Various types or reactors 129 can be utilized to carry out TCR in accordance with the present technology. FIG. 2 is a schematic cross-sectional view of the reactor 129 of FIG. 1 configured in accordance with an embodiment of the present disclosure. In the illustrated embodiment, the reactor 129 includes an insulating canister 201, an inlet 202, and two outlets 203 (identified individually as a first outlet 203 a and a second outlet 203 b). A separator tube 204 having a tubular chamber 205 can be positioned within the canister 201 and receive pressurized and preheated fuels (e.g., methanol, ammonia, or mixtures of selected hydrocarbons such as natural gas and steam from the fin tubes 133 (FIG. 1)) through the inlet 202. The separator tube 204 can include a helical resistance and/or induction coil 206 that can further heat fuels and/or water within the reactor 129. The separator tube 204 can include a porous cathode 207, a porous anode 208, and a membrane 210 therebetween. Hydrogen ions can be driven to the cathode 207 via a pressure gradient and/or galvanic impetus from a voltage gradient controlled by the controller 131 (FIG. 1). The anode 208 can be a catalytic promoter of TCR reactions, such as those of equations 1-5. Pressurized gases and/or liquids can exit the reactor 129 via the outlets 203. Although the reactor 129 of FIG. 2 includes the anode 208 internal to the cathode 207, in other embodiments and duty cycles these relative positions can be reversed such as to perform cleaning operations.
The reactor 129 can produce pressurized hydrogen via multiple reactions and processes. For example, a sufficient voltage gradient between the anode 208 and cathode 207 can produce hydrogen via electrolysis. Additionally, pressurized hydrogen at 700 Bar (10,200 PSI) can be produced from waste (e.g., urea or acids that can be produced via anaerobic digestion), as shown in equation 5. Production of hydrogen from urea can require a far reduced amount of thermal and/or electrical power compared to ambient-temperature electrolysis of water. In the process of equation 3, methane can be reacted with steam in the reactor 129 to produce carbon monoxide and hydrogen. Similarly, the endothermic reaction of equation 4 can be carried out in the reactor 129 to produce hydrogen. In each instance combustion of the resultant hydrogen (e.g., in hydrogen-characterized fuel mixtures) can provide 15% to 30% more heat energy in comparison with combustion of the feed stock compound.
The reactor 129 can include one or more semipermeable membranes 210 that can assist in removing hydrogen from a production zone and increasing the pressure of the hydrogen. Proton conduction for such separation and pressurization can be provided by various ceramics and composites (e.g., carbon-fiber-reinforced graphene, silicon carbide or perovskite-type oxides). The hydrogen yield from the reactor 129 can be increased by functionalized substances including graphene, silicon carbide, and doped perovskite-type oxides. For example, enhanced proton conductivity can be provided by doped SrCeO₃, CaZrO₃, BaCeO₃and/or SrZrO₃. Suitable dopants include yttrium, ytterbium, europium, samarium, neodymium, and gadolinium.

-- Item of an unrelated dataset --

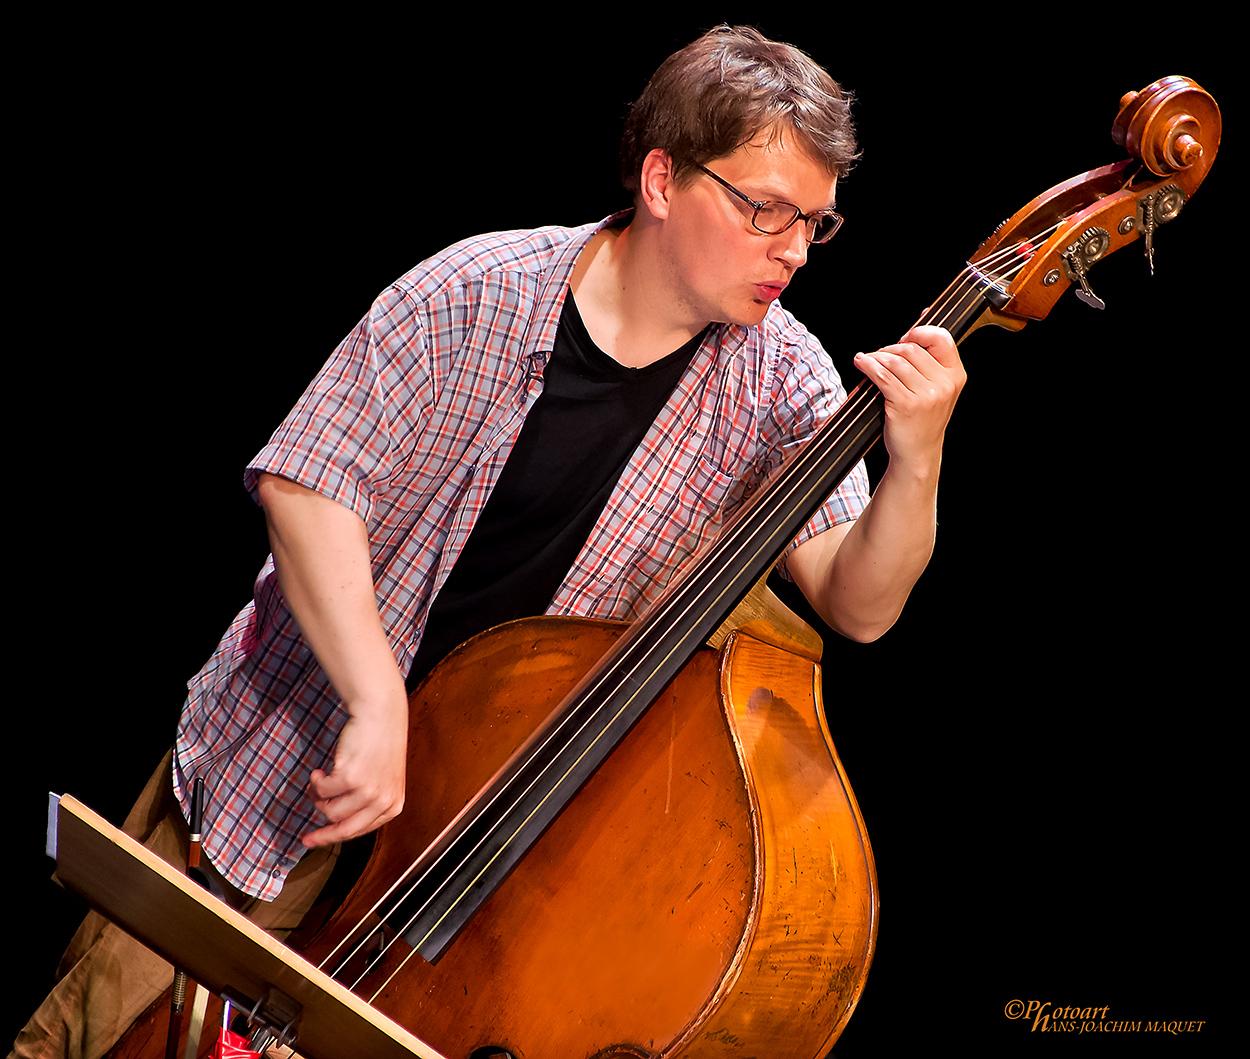 Arne Huber

In addition to dopants, hydrogen separation by oxide ceramics can be enhanced by increased pressure gradients and/or application of a DC bias. In non-galvanic hydrogen separation processes that include pressure differentials, hydrogen may be transported from a membrane side having a higher partial pressure of hydrogen to a side having a lower partial pressure of hydrogen. In contrast, in embodiments employing a DC bias or galvanic drive in the hydrogen separation process, the hydrogen can permeate from a lower partial pressure of hydrogen produced on one side of a membrane to a higher partial pressure of hydrogen on the other side, or vice versa according to process mode designation by controller 131.
The rate of hydrogen production within the reactor 129 can also be influenced by the heat provided by the exhaust section of the gas turbine 100 (FIG. 1). For example, increased heat can shift the reactions of equations 1-5 toward greater yields and/or allow higher reactant pressures without reducing yields. Improvement in reaction rate and/or yield may be further provided by removal of a product such as hydrogen as it is formed to shift the reaction toward the products. Additionally, catalysts may be utilized at a reaction surface to favorably influence surface exchange reactions such as those of equations 1-5. For example, hydrogen permeation and thus the process yield can be enhanced by coating the membrane with a surface catalyst to reduce the activation energy for the surface exchange reactions. To some extent some anode material selections may be favorable catalysts. Anodes of galvanic hydrogen pumps include porous films of Ni, Ag, Pt, and Ni/BCY porous layers. In such hydrogen pumping processes, the gas mixture in the anode and cathode zones can include steam or be humidified with water vapor to improve the proton conductivity of the electrolyte and suppress its electronic conductivity.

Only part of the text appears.